WHAT YOU SHOULD DO
Set down, word for word, every line of the material below from the one containing "diabetes solutions spectrum" through the one containing "1955 Chevrolet Bel", but none of its pictures.

SUPPLIED MATERIAL
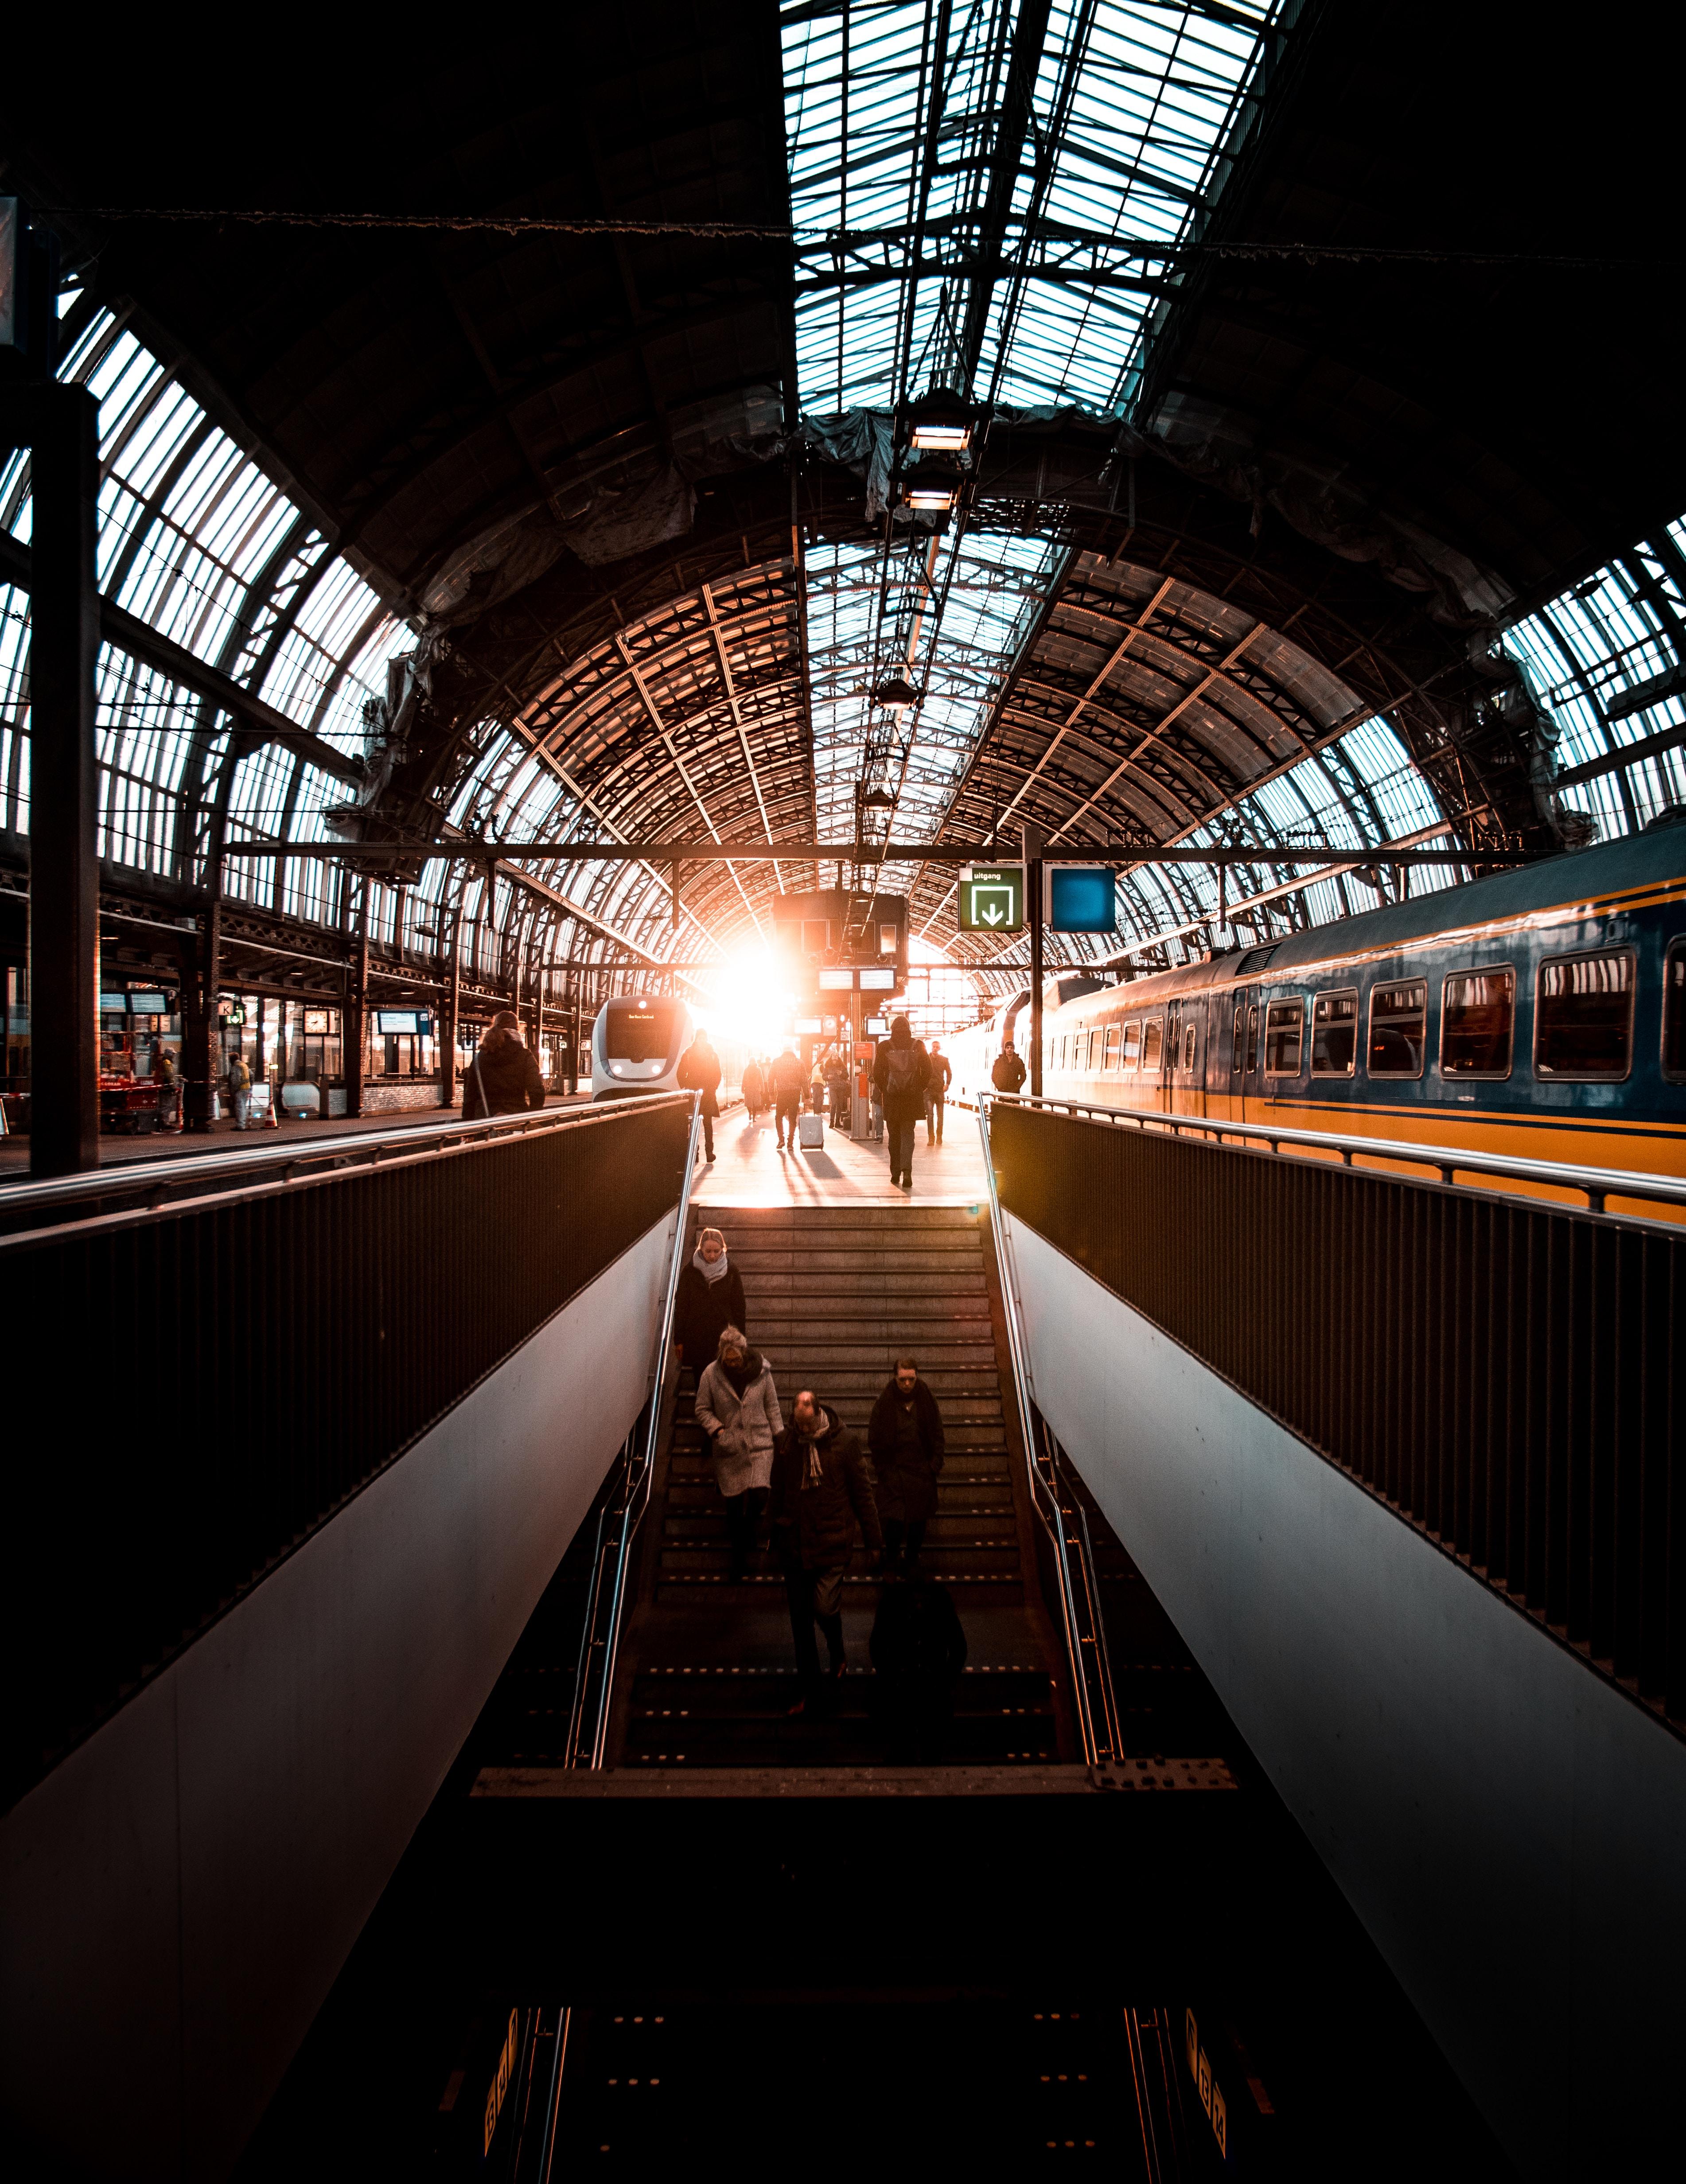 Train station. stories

--

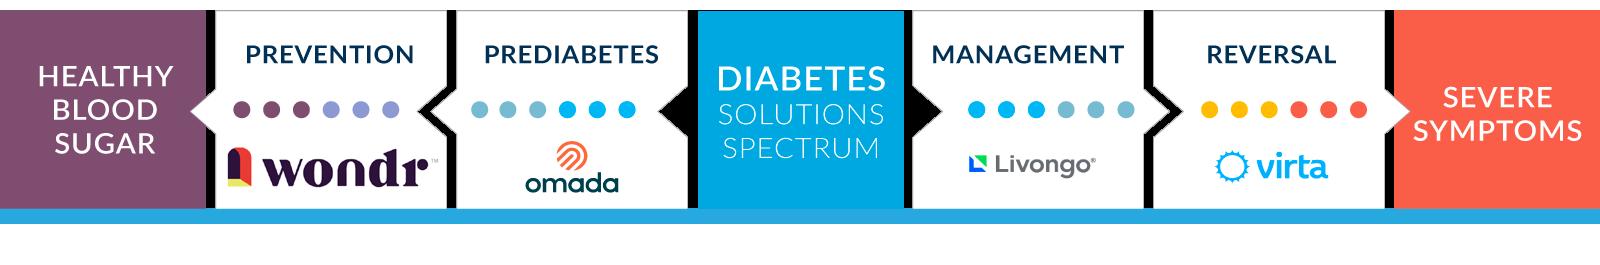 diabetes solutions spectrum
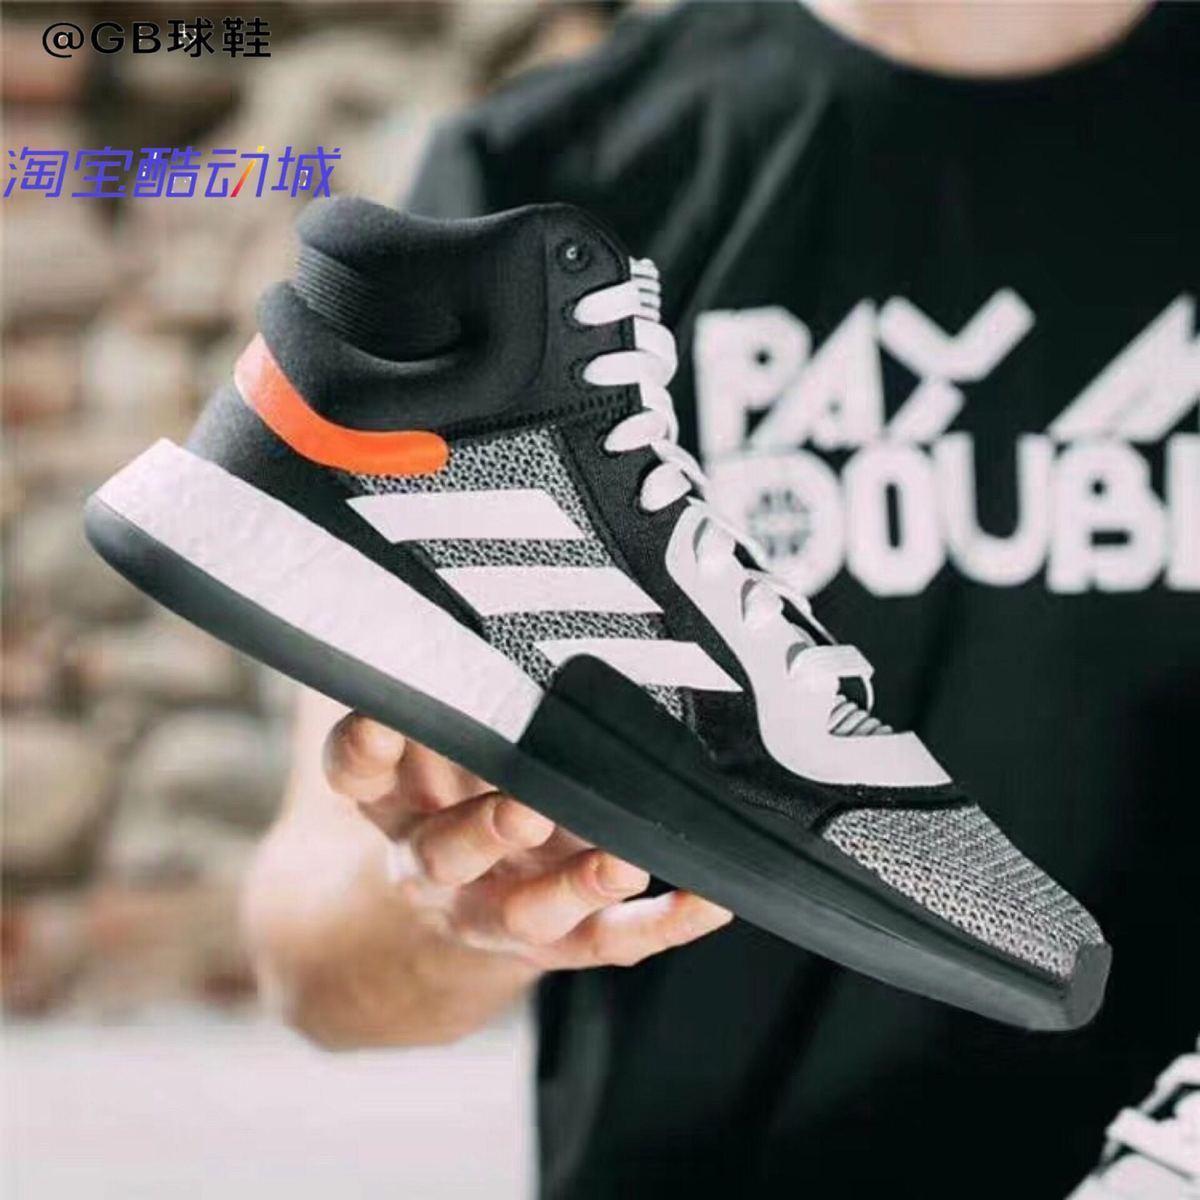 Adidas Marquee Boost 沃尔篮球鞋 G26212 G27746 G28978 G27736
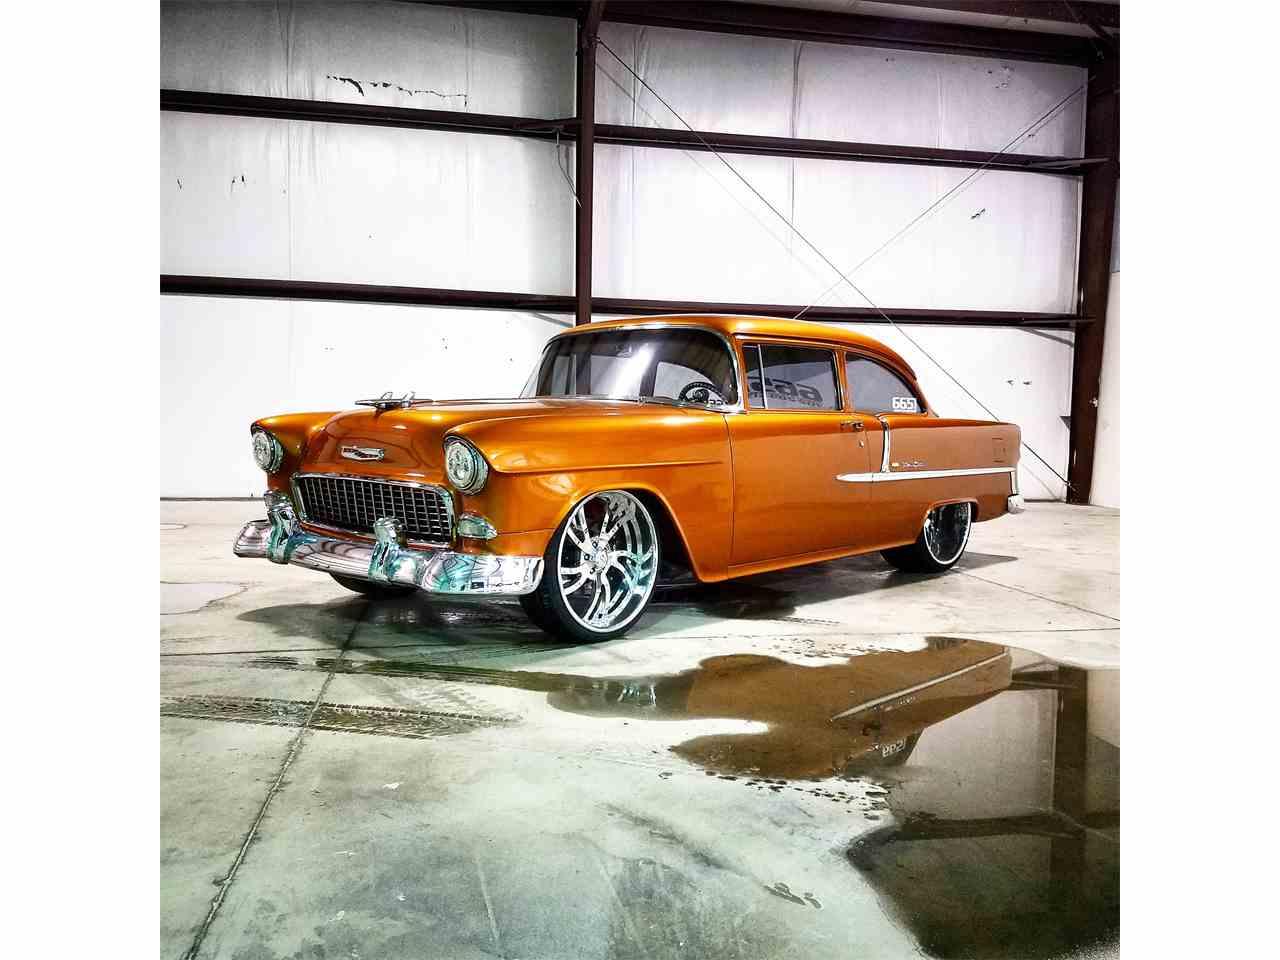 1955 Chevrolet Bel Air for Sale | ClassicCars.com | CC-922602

--

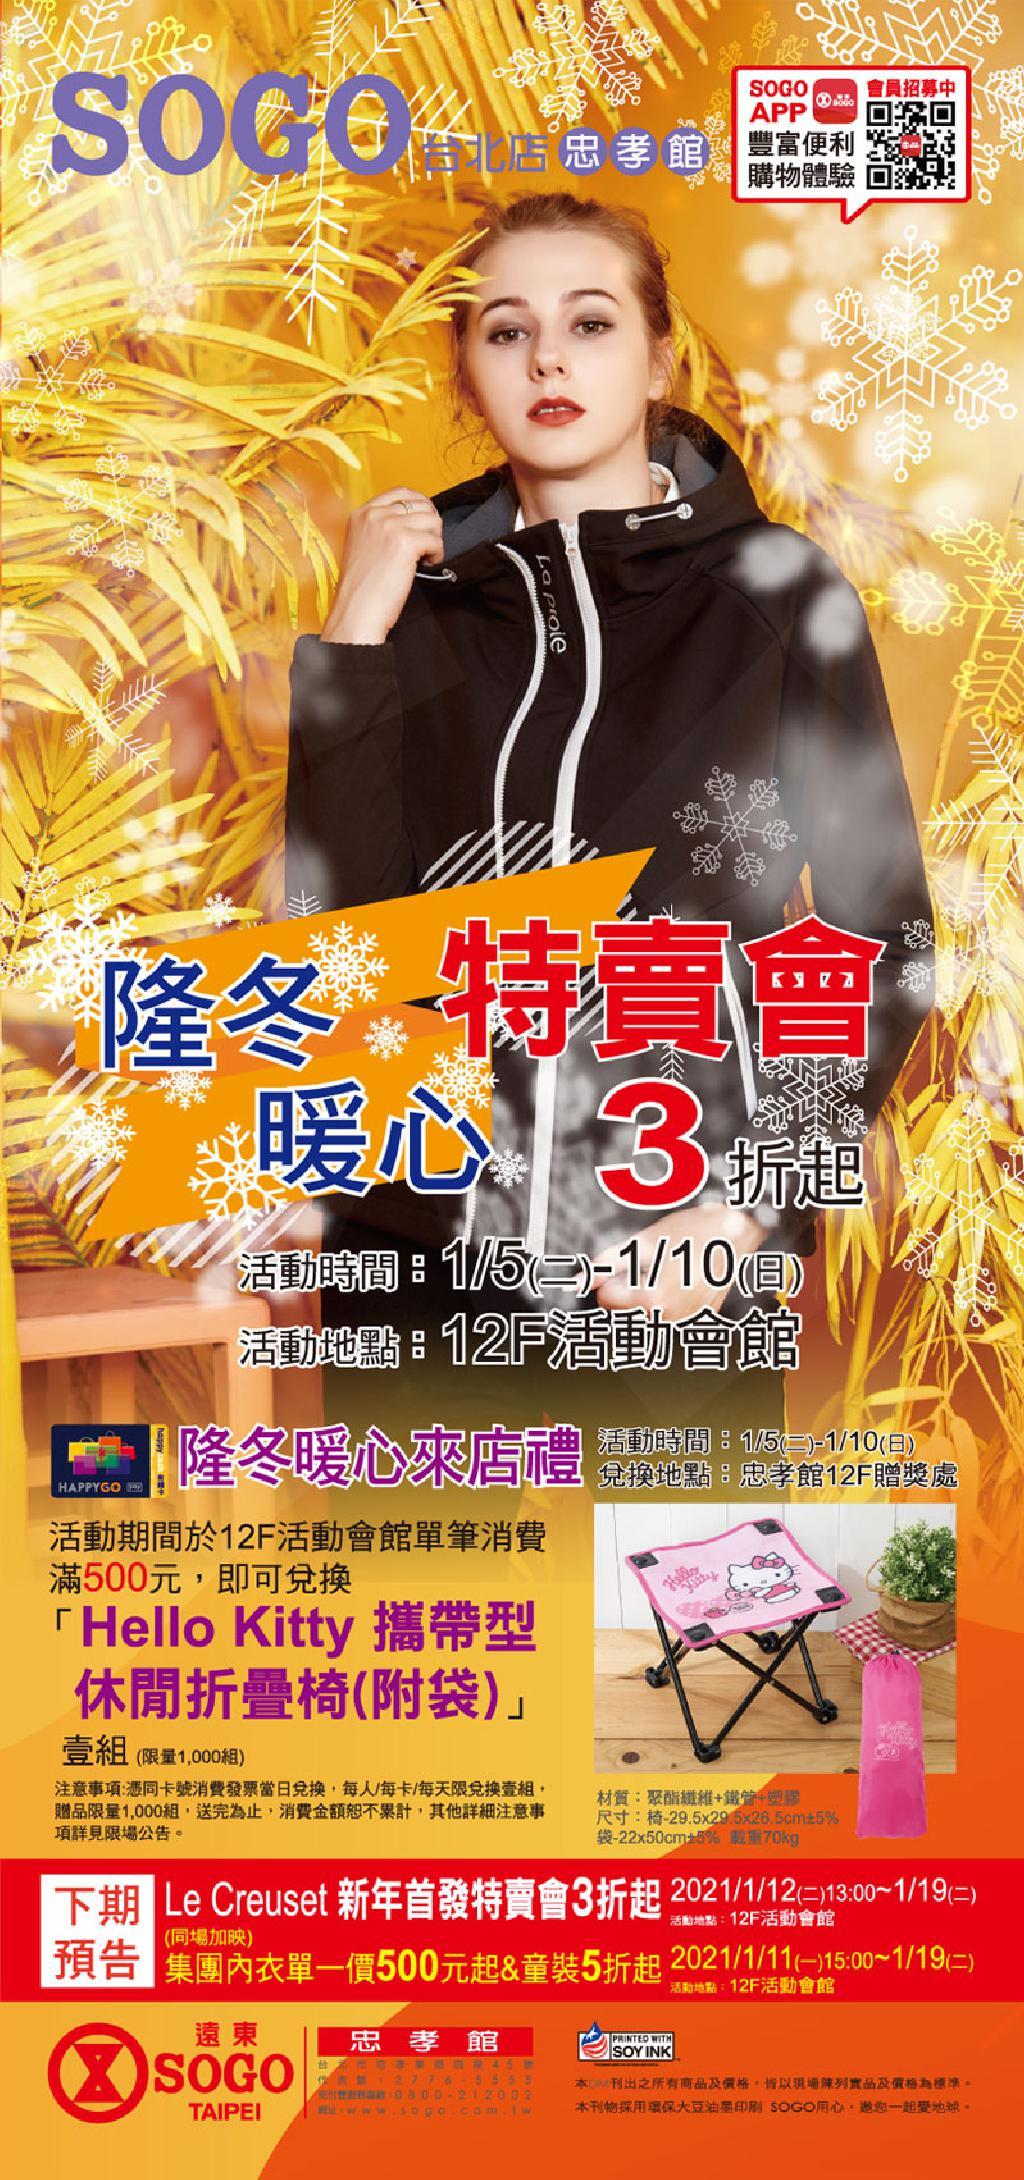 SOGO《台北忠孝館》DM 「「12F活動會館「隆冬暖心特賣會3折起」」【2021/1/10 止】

SOLUTION FOR THIS PROBLEM
 diabetes solutions spectrum
 Adidas Marquee Boost 沃尔篮球鞋 G26212 G27746 G28978 G27736
 1955 Chevrolet Bel Air for Sale | ClassicCars.com | CC-922602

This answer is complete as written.